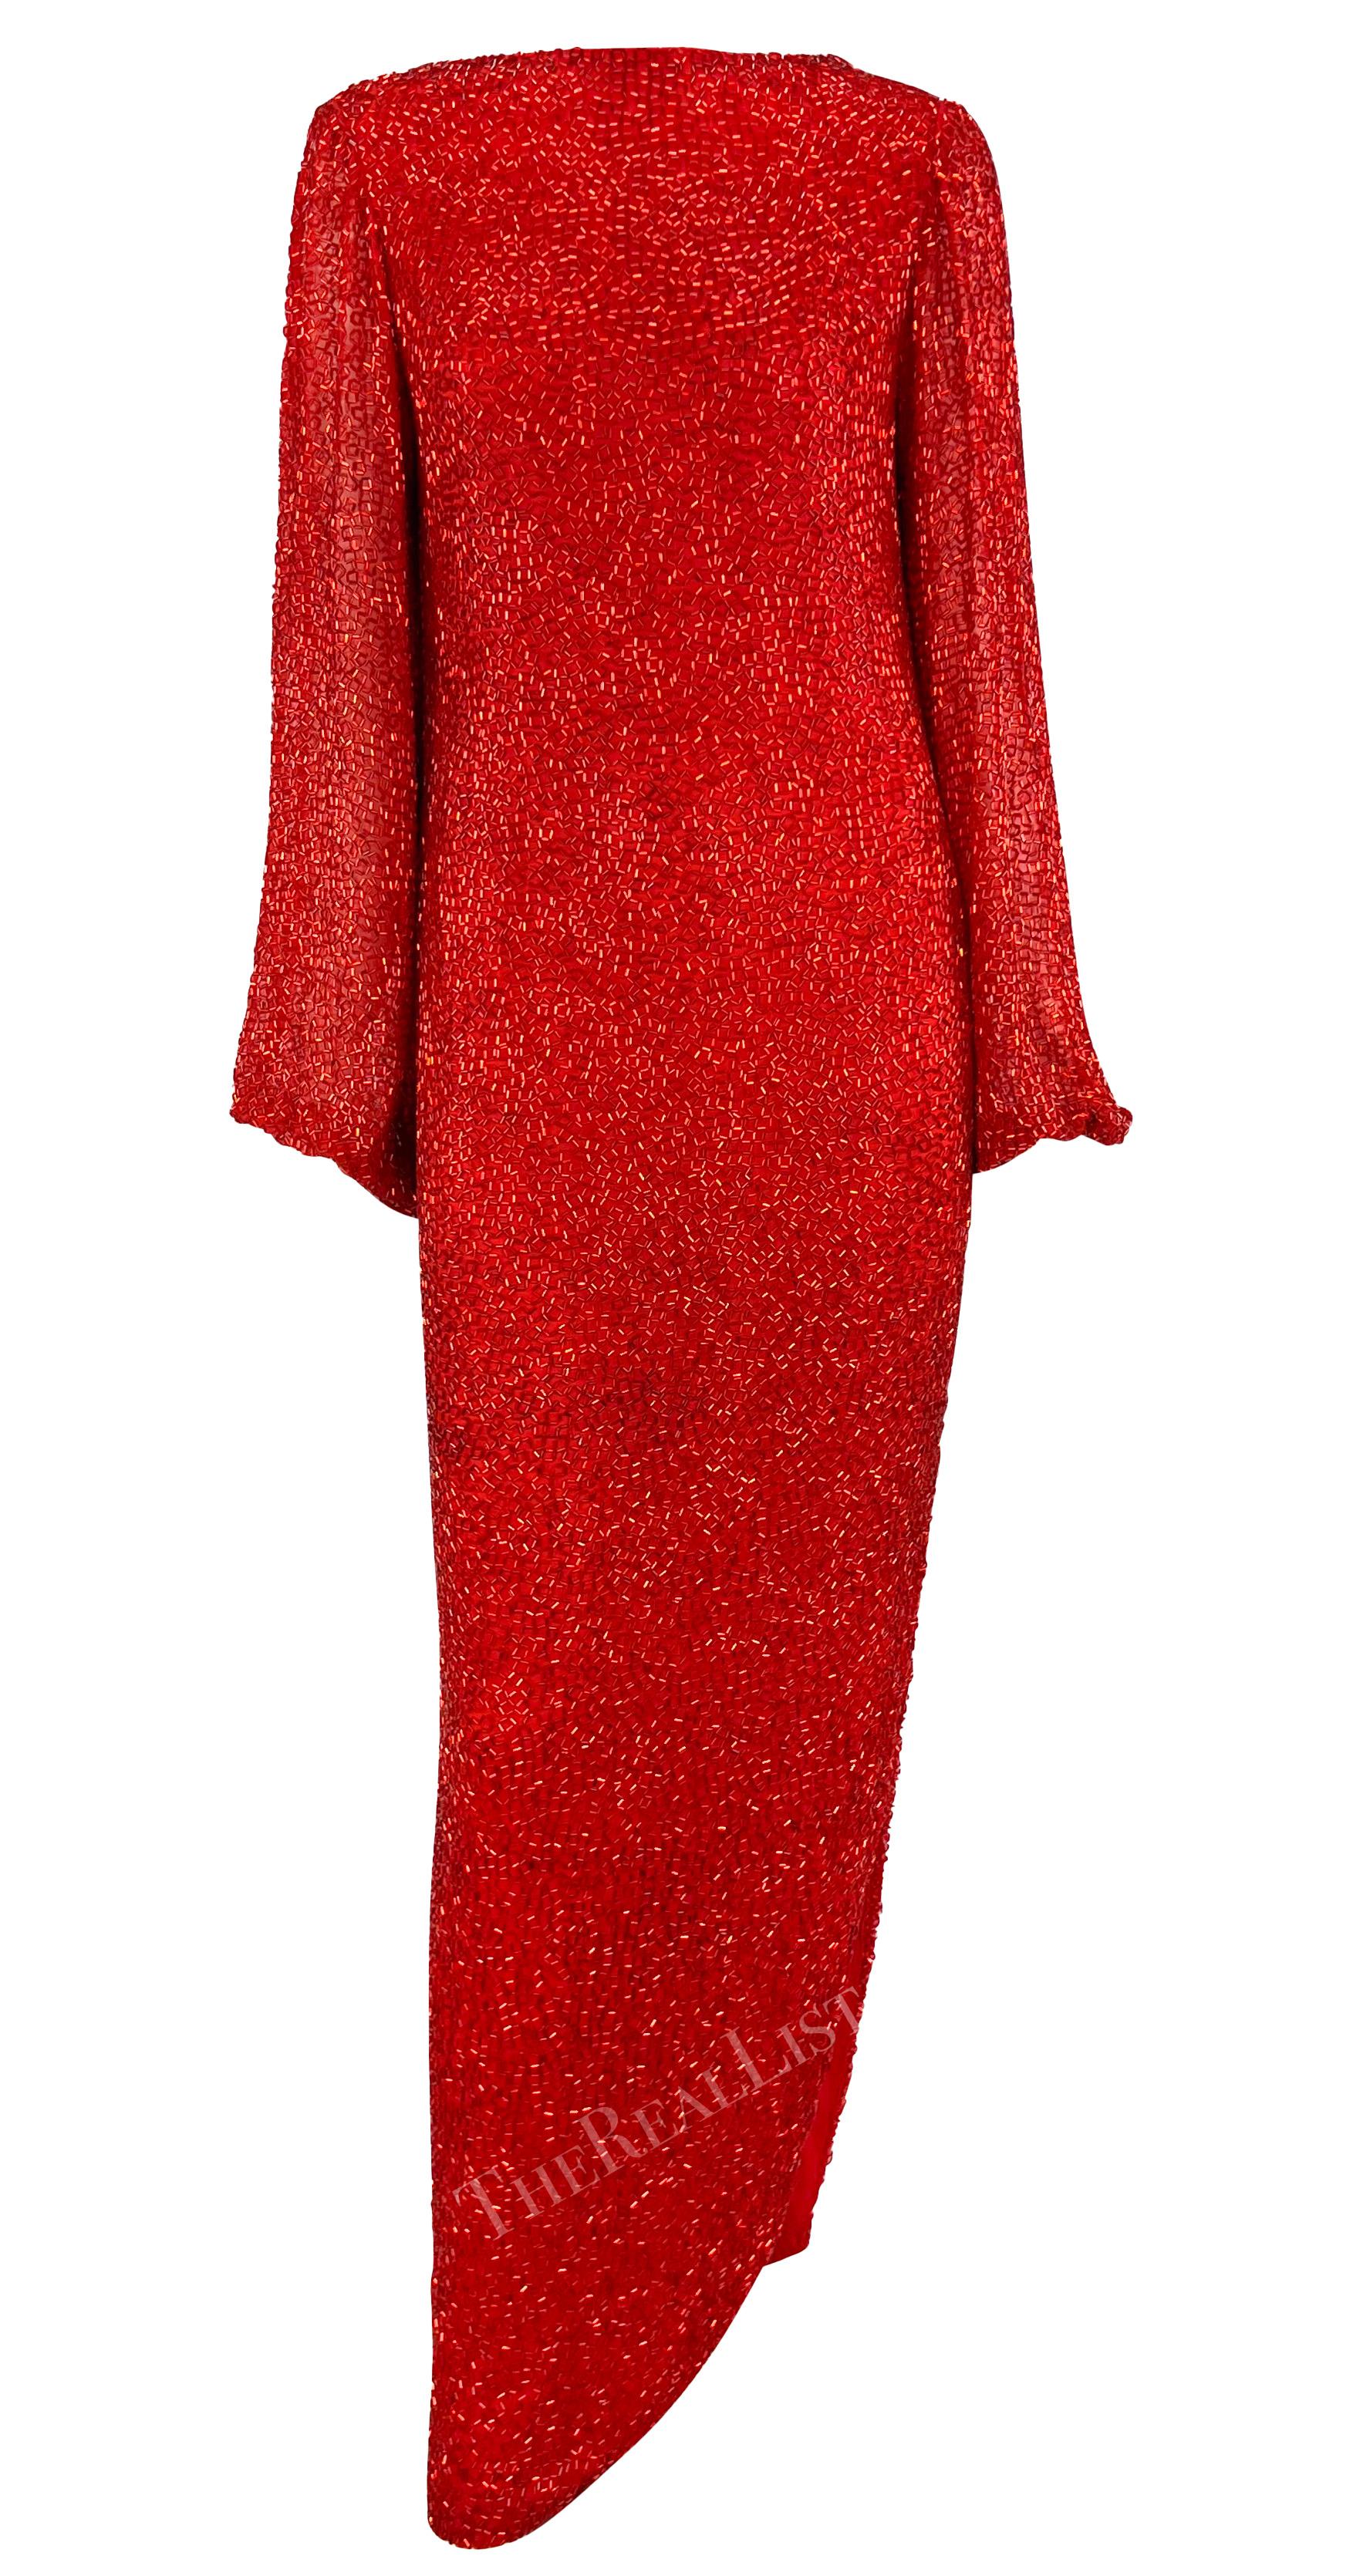 Women's Early 1980s Bob Mackie Heavily Beaded Cowl Back Red High-Slit Evening Gown For Sale
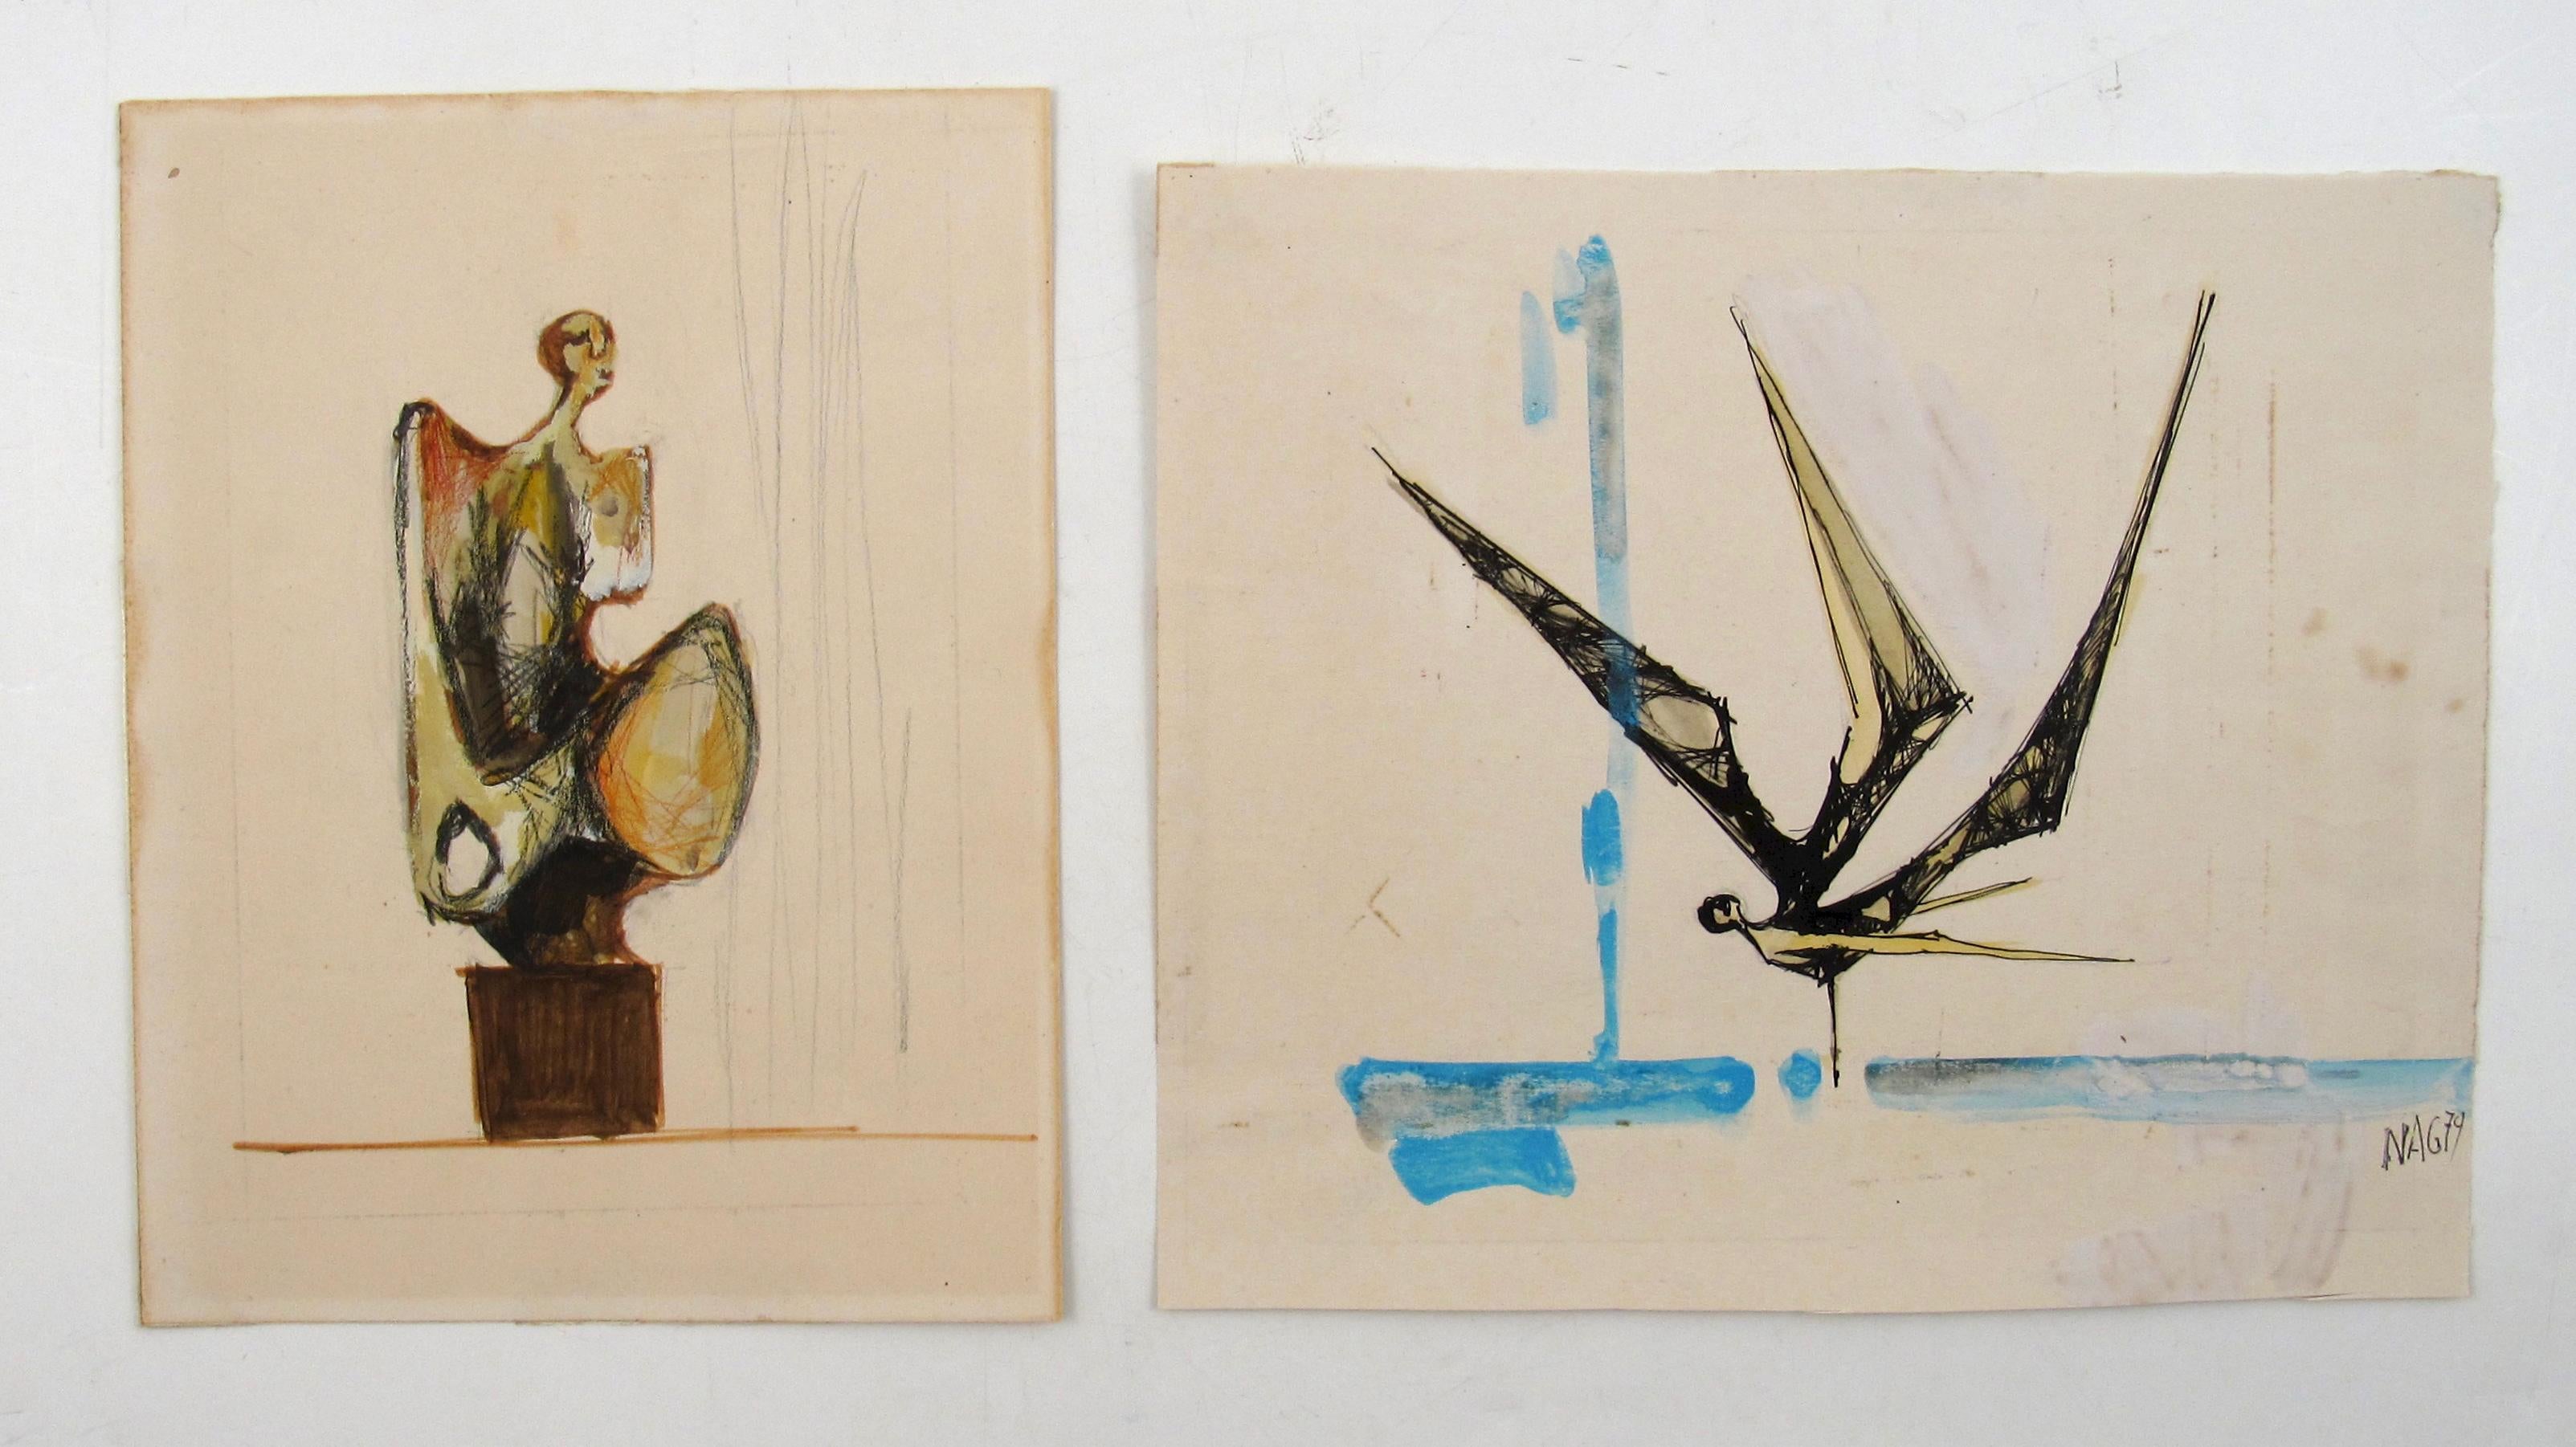 Falling Icarus and Crouching Angel - Two Drawings by Nag Arnoldi, Switzerland
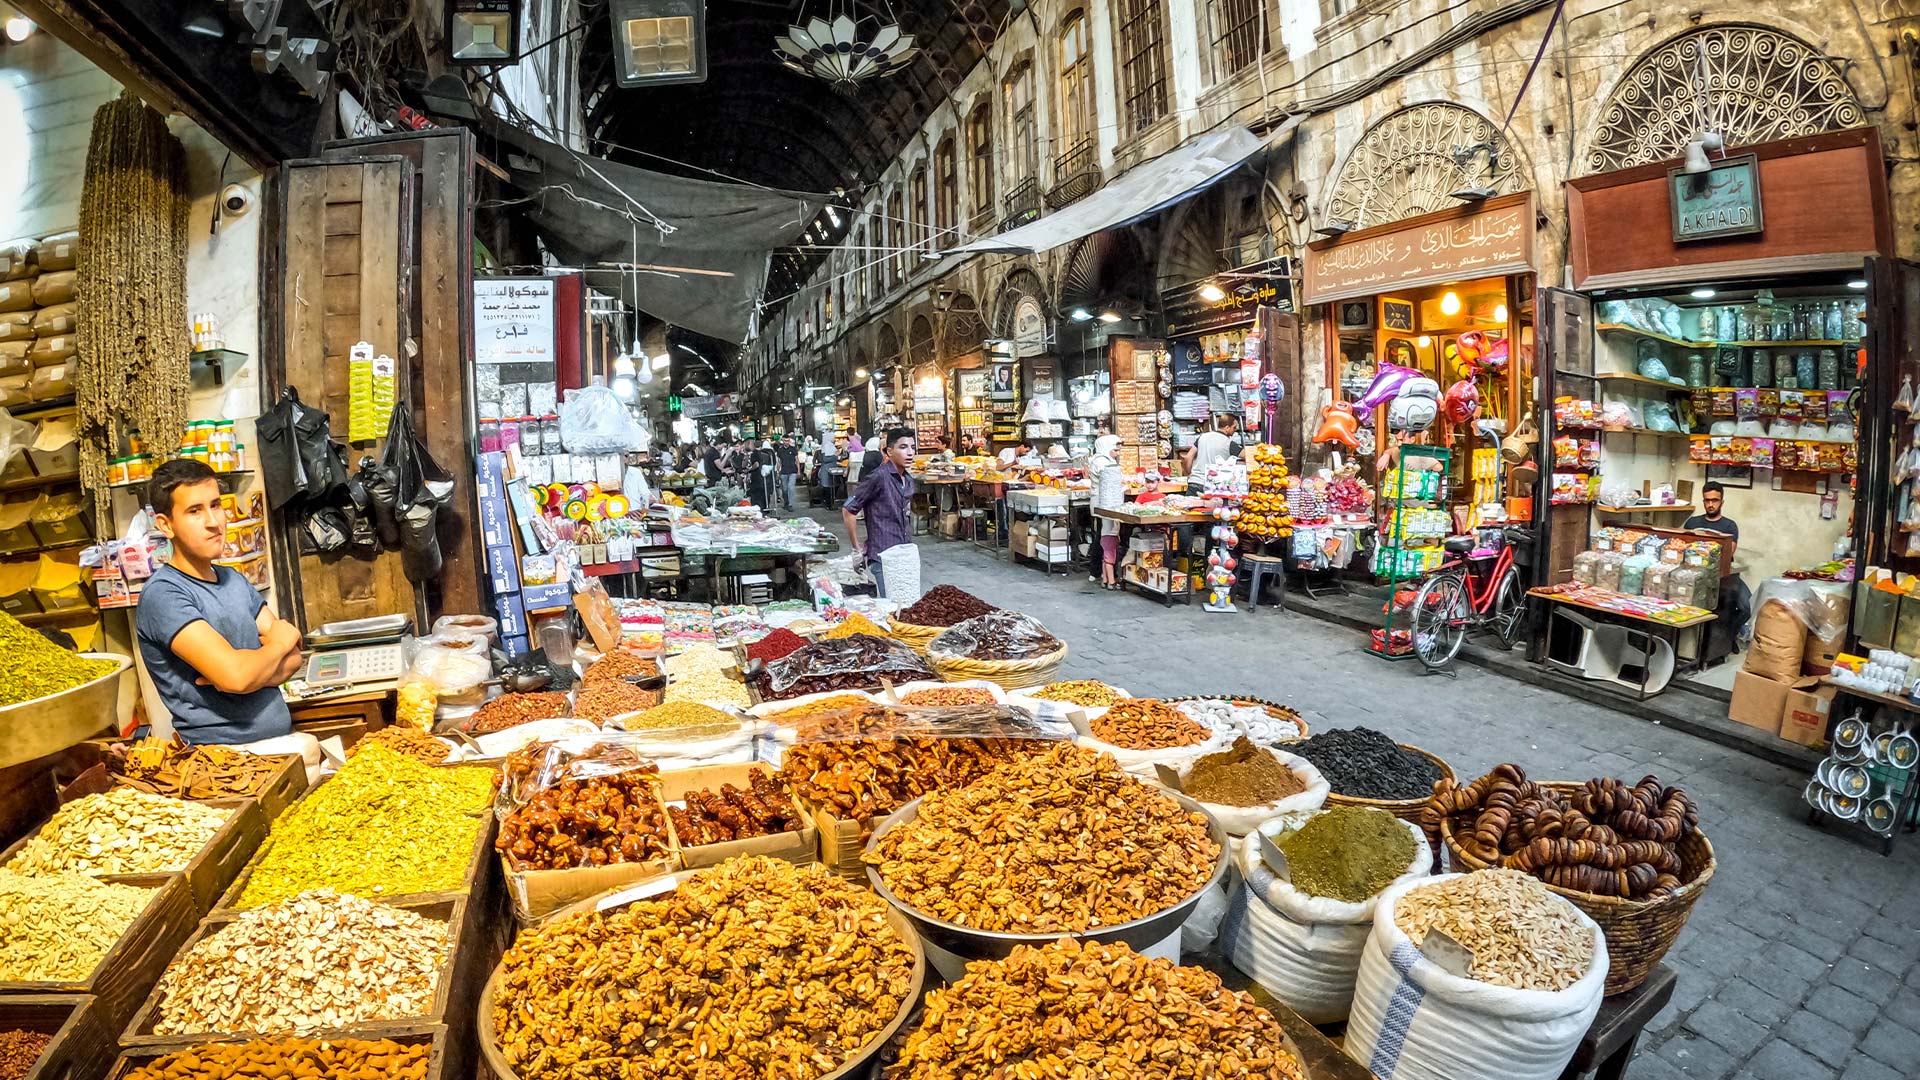 Spices Shop in Souq al-Hamidiyeh with the seller standing in the background welcoming shoppers.

########

== YOUR GOAL ==
Up to and including the last line of the listing, starting at the line with "Falling Icarus and", extract every line exactly and leave out the pictures.

== ANSWER TO THIS PROBLEM ==
 Falling Icarus and Crouching Angel - Two Drawings by Nag Arnoldi, Switzerland
 Spices Shop in Souq al-Hamidiyeh with the seller standing in the background welcoming shoppers.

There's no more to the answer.